Top of MATERIAL PROVIDED

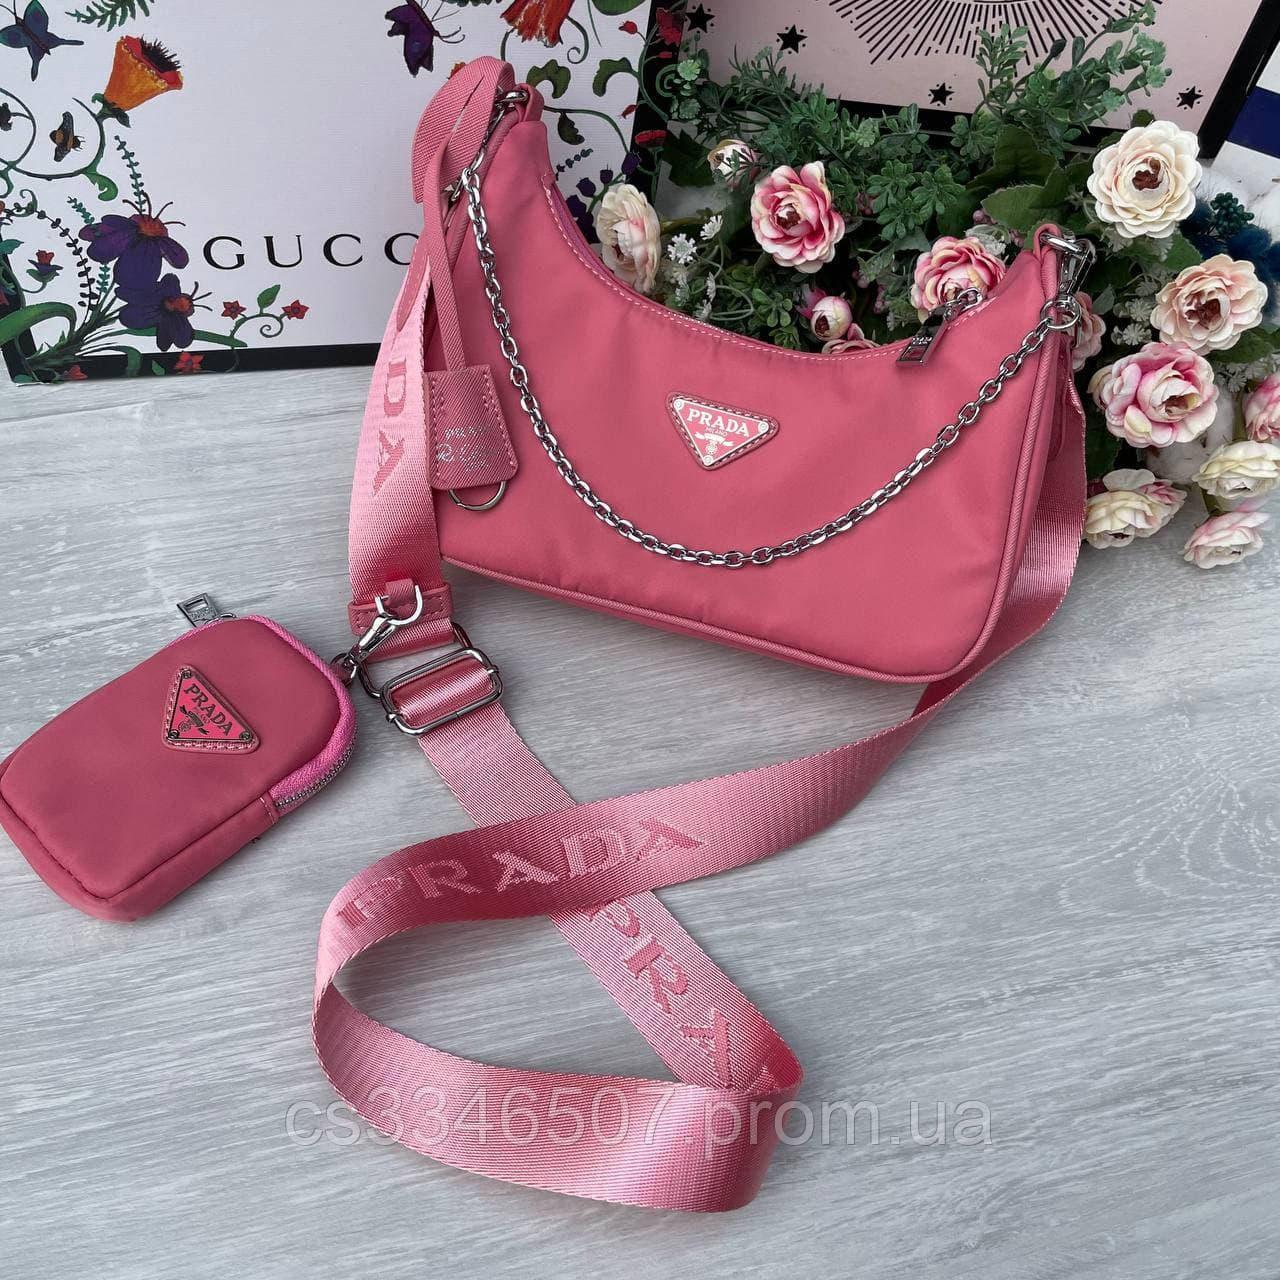 Женская сумка Prada RE-EDITION розовая.Сумка Прада
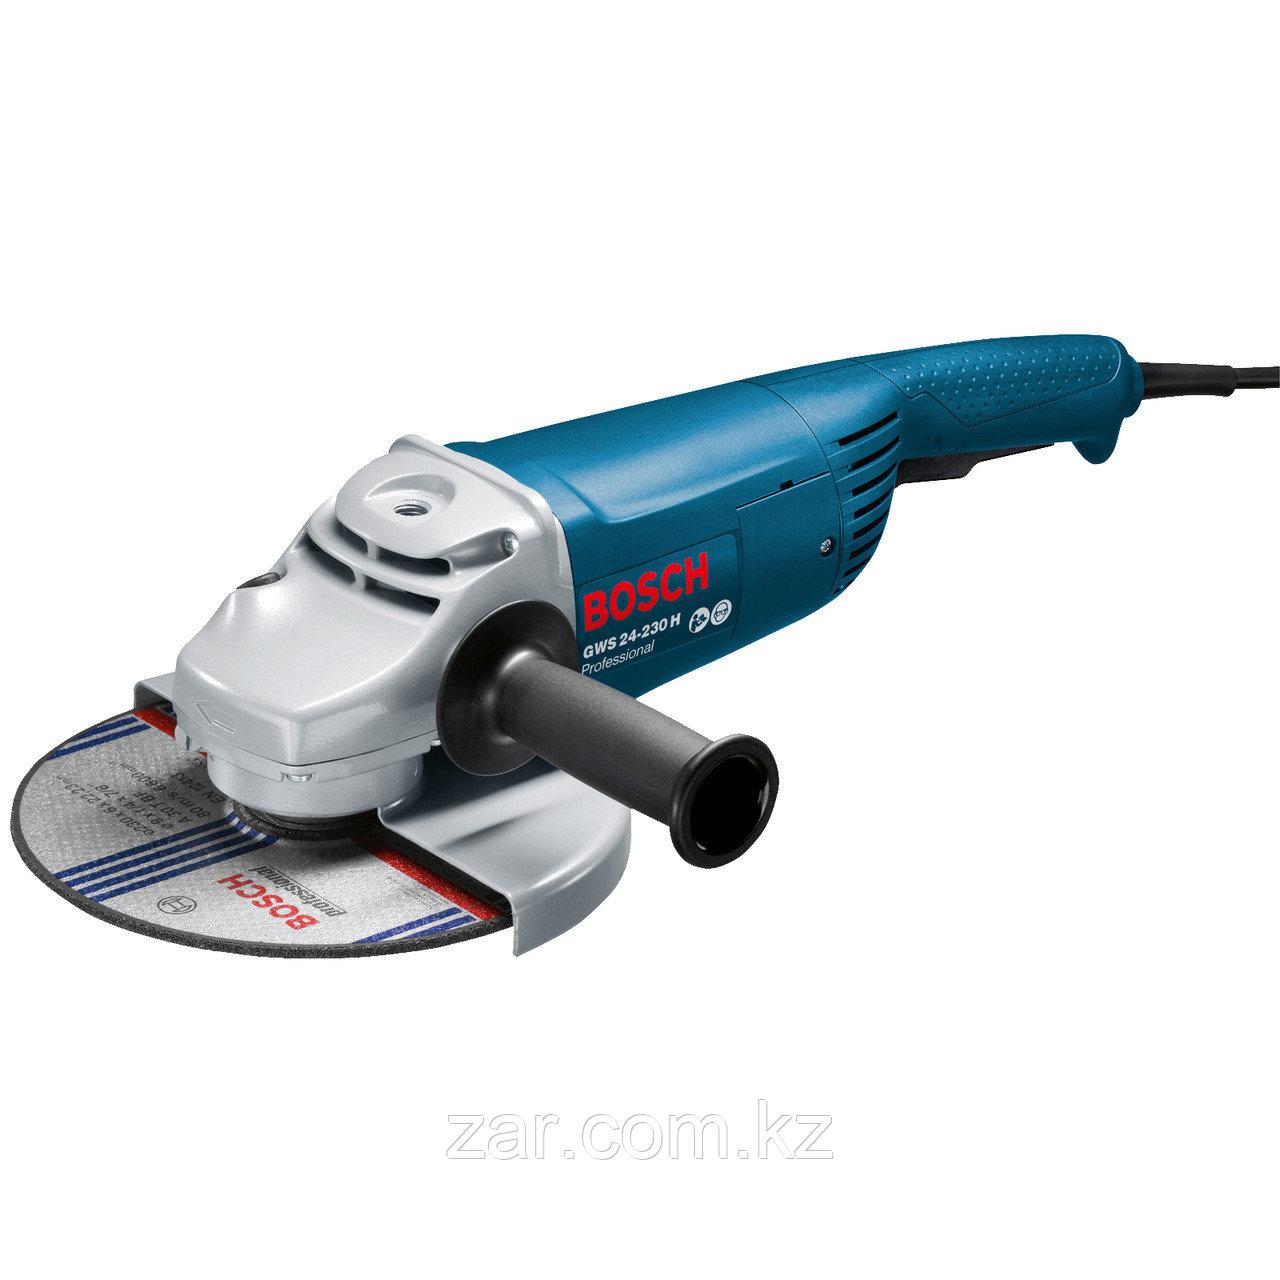 Угловая шлифмашина Bosch GWS 24-230 H 0601884103
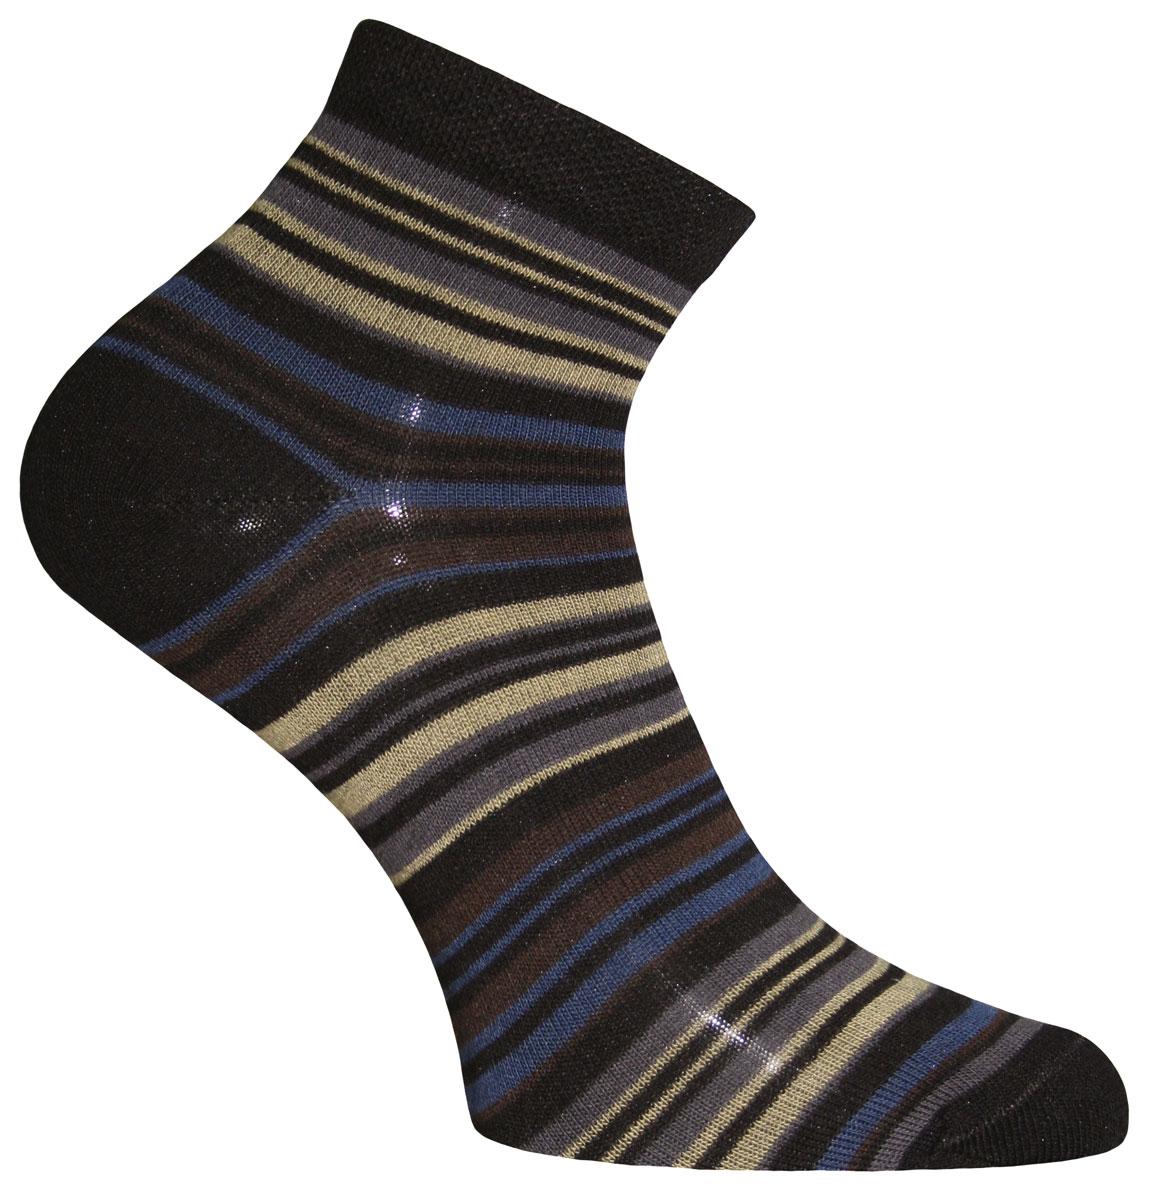 Носки женские Master Socks, цвет: черный, темно-коричневый, хаки. 55109. Размер 2555109Носки Master Socks изготовлены из индийского хлопка с добавлением полиамида и эластана, очень удобных и приятных при носке. Модель оформлена принтом в полоску. Эластичная резинка плотно облегает ногу, не сдавливая ее, обеспечивая комфорт и удобство.

Bottom of MATERIAL PROVIDED

WHAT IS NEEDED: Without the pictures, return the whole of the data exactly as given.

EXERCISE SOLUTION:
 Женская сумка Prada RE-EDITION розовая.Сумка Прада
 Угловая шлифмашина Bosch GWS 24-230 H 0601884103
 Носки женские Master Socks, цвет: черный, темно-коричневый, хаки. 55109. Размер 2555109Носки Master Socks изготовлены из индийского хлопка с добавлением полиамида и эластана, очень удобных и приятных при носке. Модель оформлена принтом в полоску. Эластичная резинка плотно облегает ногу, не сдавливая ее, обеспечивая комфорт и удобство.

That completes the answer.